In the game Let’s Make a Deal, a contestant is asked to pick one of three doors. If he picks the right one, he wins a car. If he picks one of the wrong doors he wins crap. The contestant picks a door, but before it is opened the host, Monty Hall, opens up one of the doors that had crap behind them. Now there are two unopened doors, and the contestant is asked whether he will take what’s behind the door he originally picked, or if he’ll switch to the other unopened door.

Which should he choose?

The gut assumption is that it doesn’t matter, that both doors are equally likely to be hiding the car. But a lot of people have argued that the probability is actually that switching will get you the car 66.7% of the time.
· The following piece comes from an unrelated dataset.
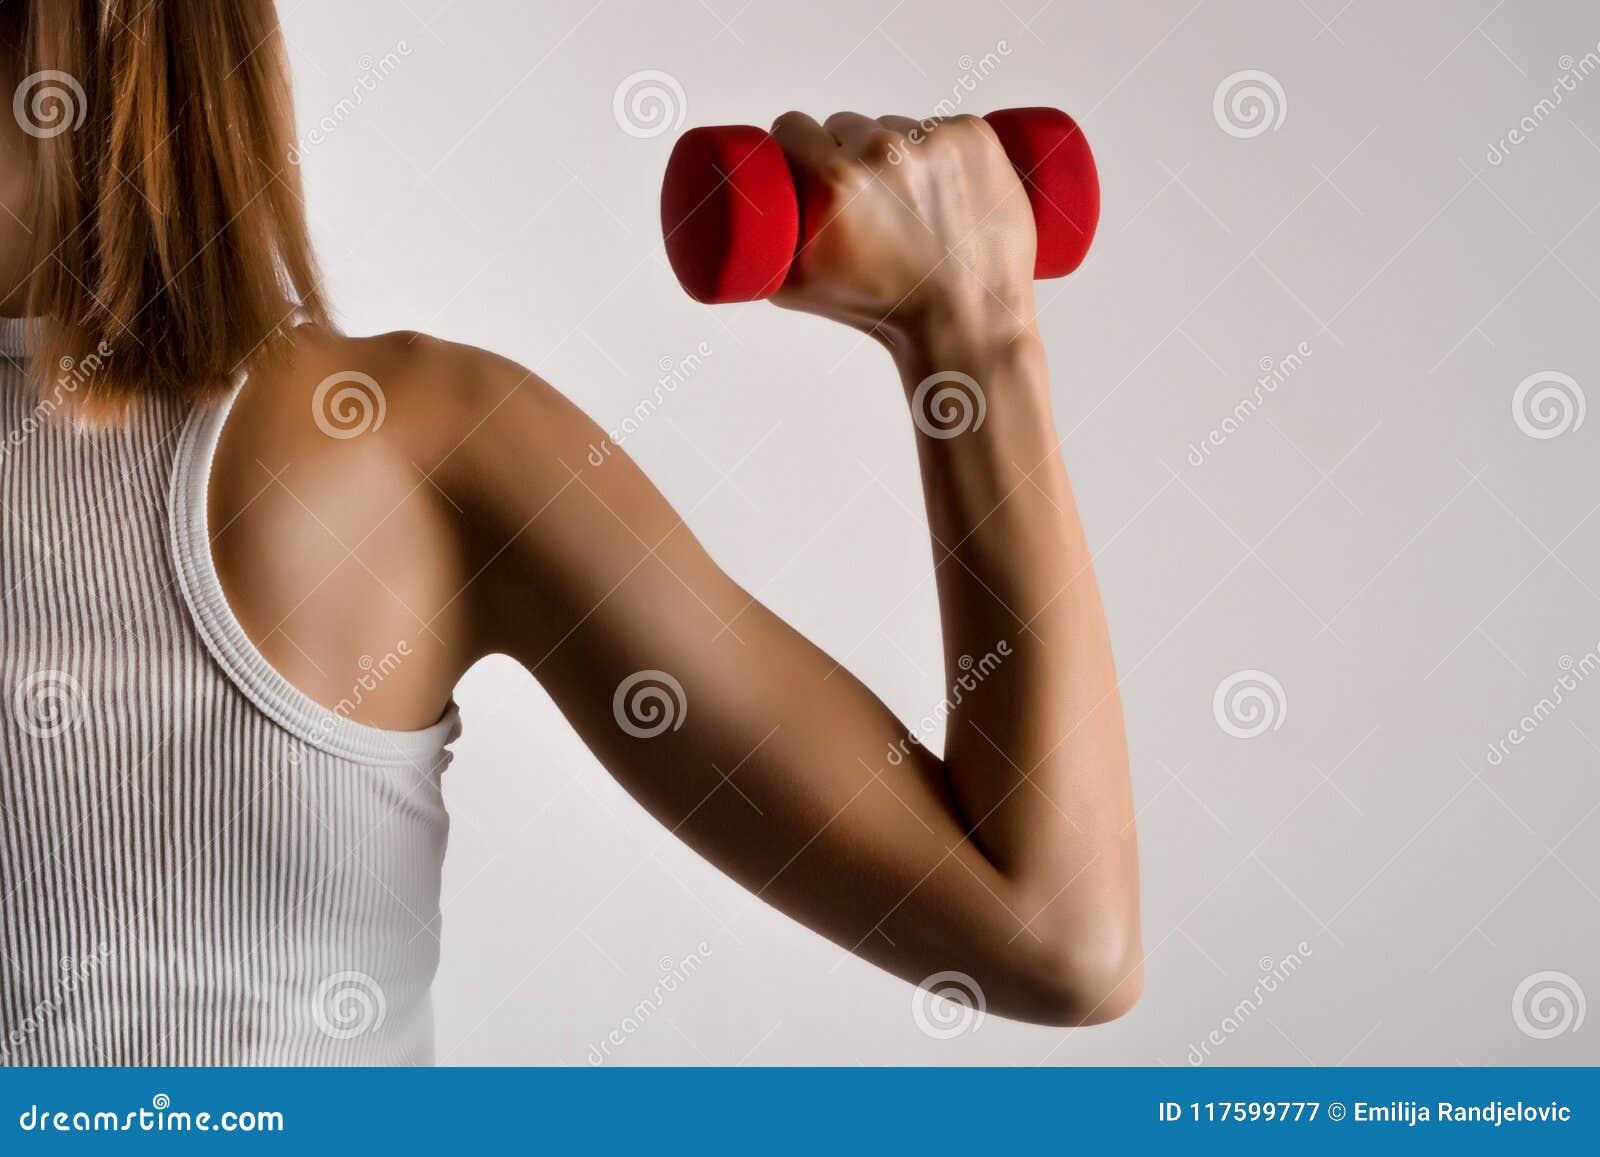 Sprawności fizycznej kobiety wzorcowa ręka z żółtym dumbbell na szarym pracownianym tle

A friend of mine wrote a program to demostrate the problem, which is a practical approach. The problem seems to be that the answer still depends on how you do the algebra. Since I didn’t speak C, I wrote my own program, but I got the opposite results. His program ran random scenarios and got the 66.7/33.3 results. Mine ran through all the finite number of dilemmas and got the 50/50 result.

Maybe somebody who speaks Basic can tell me how I’m setting the problem up wrong, but it looks to me that of the 12 possible outcomes, it comes down even whether switching will get you the car.

100 s=0
105 REM The number of winning switches
110 ns=0
115 REM The number of winning non-switches
120 t=0
125 REM The total number of dilemas possible
130 for x=1 to 3
135 REM x is the door the prize is behind
140 for y=1 to 3
145 REM y is the contestant’s initial pick
150 for z=1 to 3
155 REM z is Monty’s elimination
160 if z=x then goto 210
165 REM Monty doesn’t eliminate the door the prize is behind
170 if z=y then goto 210
175 REM Monty doesn’t eliminate the door the contestant has already picked
180 t=t+1
185 REM The scenarios that pass Monty’s Choice are counted
190 if y=x then ns=ns+1
195 REM No-switch winners are counted
200 if y<>x then s=s+1
205 REM Switch winners are counted
210 next z
220 next y
230 next x
240 print “Switch:”, s/t100;"%"
250 print “No switch:”, ns/t
100;"%"
260 print “Total dilemas:”, t

In case you don’t happen to have a basic interpreter handy, try pasting the
code into Cocoa.

The problem is you’re treating Monty’s choice as an independent variable. It’s not the case. It’s dependent on the player’s choice.

If the player picks the prize, Monty has two choice. If the player does not pick the prize, Monty has one choice.

If Monty has two choice, you have to count the choices at 50% probability. If he has one choice, you count that choice at 100% probability.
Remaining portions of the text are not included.